Saturday, December 19, 2009

Sensing Self


"...with an eye made quiet by the
power of harmony and the deep
power of joy, we see into
the life of things.

William Wordsworth






Sensing Self

....Every time that I touch something, I am aware of the part of me that is touching as I am of the thing I touched. Tactile experience tells me much about myself as it tells me about anything that I contact. I am constantly using the world to explore my reactions just as much as I am using my reactions to assess the world. My sense of my own surface is very vague until I touch; at the moment of contact, two simultaneous streams of information begin to flow: information about an object, announced by my sense, and information about my body announced by the interaction with the object. Thus I learn that I am more cohesive than water, softer than iron, harder than cotton balls, warmer than ice, smoother than tree bark, coarser than fine silk, more moist than flour, and so on.
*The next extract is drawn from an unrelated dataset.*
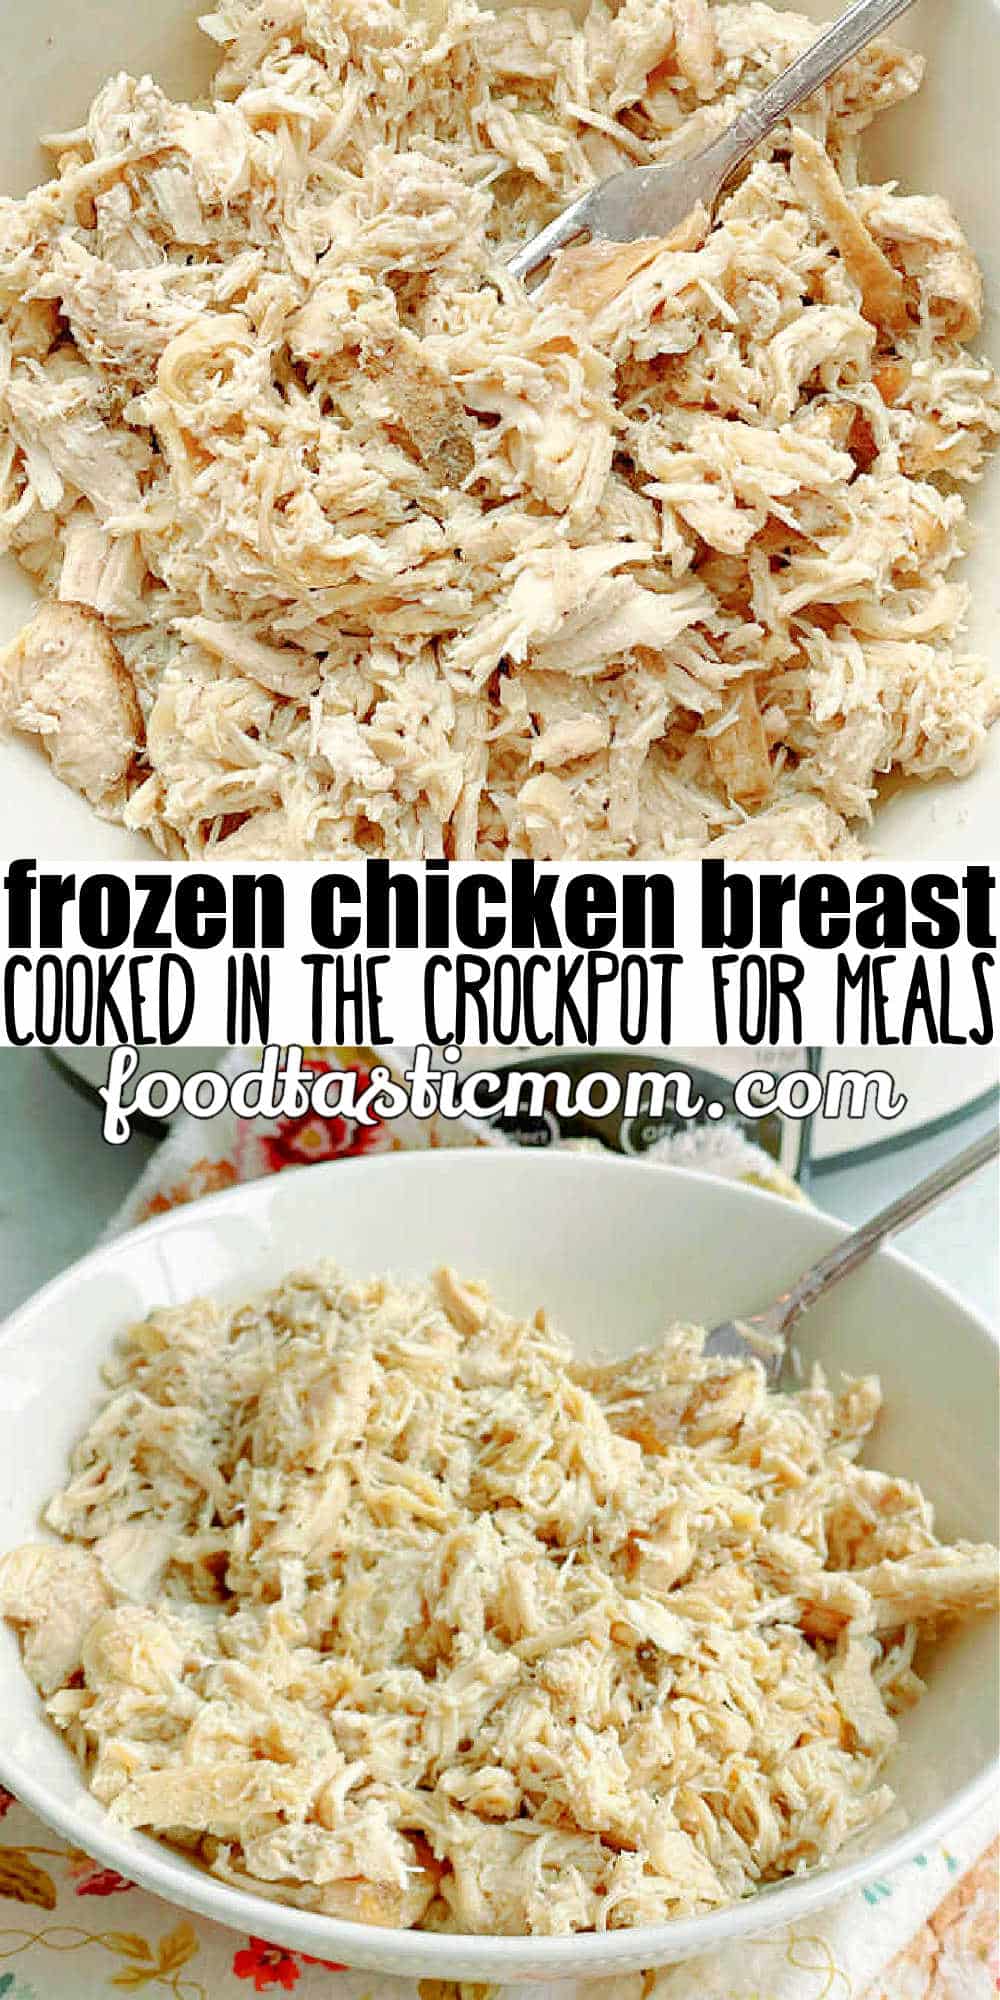 Learn how to make frozen, boneless and skinless chicken breasts in the Crock Pot for using in any recipe calling for cooked chicken. via @foodtasticmom

We could even say that this is the role of the tactile senses in establishing a fuller and fuller sense of self is their primary function. An infant approaches objects not with an initial idea of research into and manipulation of externals, but with an idea of self-stimulation; and it discovers other objects. We can never touch just one thing; we always touch two at the same instant, an object and ourselves, and it is in the simultaneous interplay between these two contiguities that the internal sense of self--different from both the collection of body parts and the collection of external objects--is encountered.
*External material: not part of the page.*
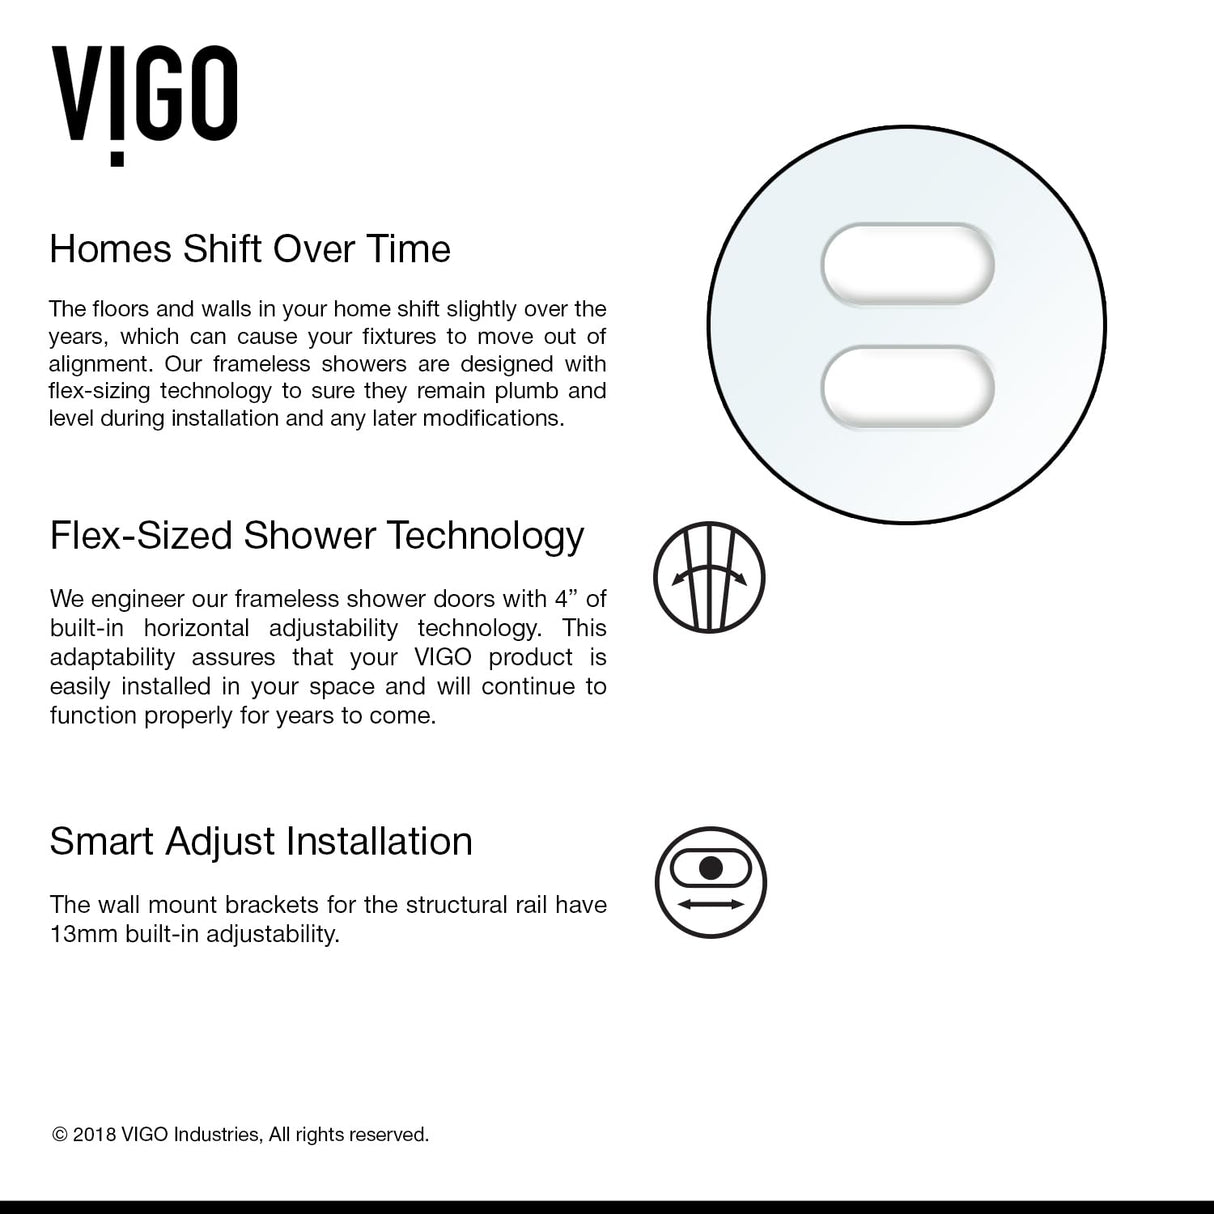 VIGO Adjustable 72-73" W x 74" H Ferrara Frameless Sliding Rectangle Shower Door with Clear Tempered Glass, Reversible Door Handle and Stainless Steel Hardware in Chrome-VG6080CHCL7274

Since [my ideas of] both the body and the world have to be built up, and since the body in this respect is not different from the world, there must be a cebtral function of the personality which is neither world nor body. There must be a more central sphere of the personality. The body is in this respect periphery compared with the central functions of the personality.
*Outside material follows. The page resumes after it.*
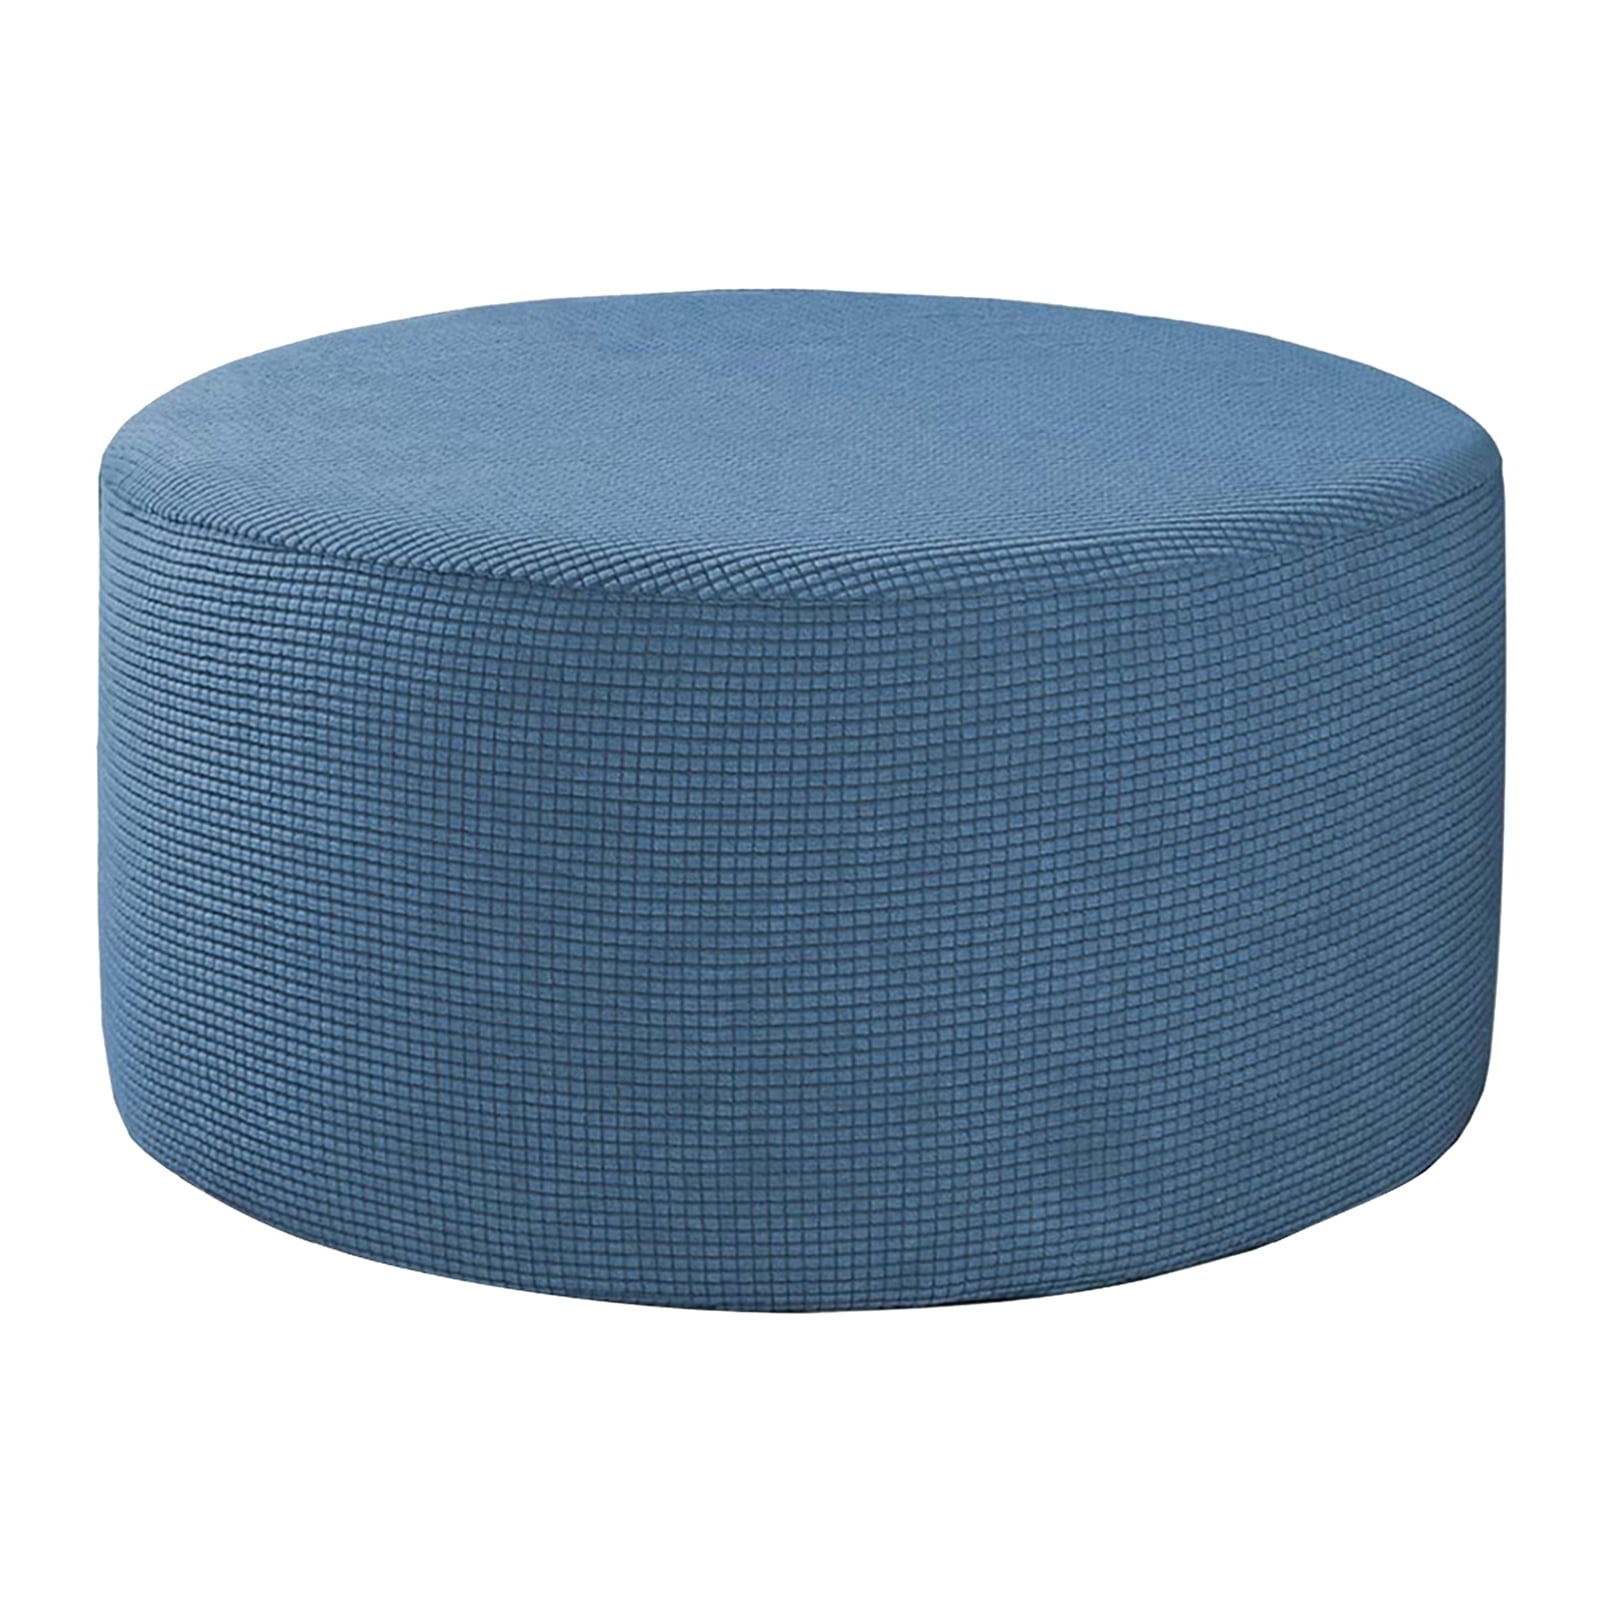 Round Ottoman Slipcover Footstool Protector Covers Storage Ottoman Cover Stretch

That is to say, my tactile surface is not only the interface between my body and the world, it is the interface between my thought processes and my physical existense as well. By rubbing up against the world, I define myself to myself.

This dialectic is life-long, and its informative power can hardly be overstated. It establishes preferences and aversions, habits and departures, becomes the very stuff in which attitudes are ingrained. The "feel" in my skin and the "feelings" in my mind, what I "feel" and how I "feel" about it, become so confounded and ambiguous that my internal "feelings" can alter what my skin "feels" just as powerfully as particular sensations can shift my internal states.

It is not too much to say that sensory activity of the skin is a major element in the development of disposition and behavior, an element with enough sophistication and plasticity to account for wide divergences of experience and observation.

The skin itself does not think, but its sensitivity is so great, combined with its ability to pick up and transmit so extraordinarily wide variety of signals, and make so wide a range of responses, exceeding that of all other sense organs, that for versatility it must be ranked second only to the brain itself.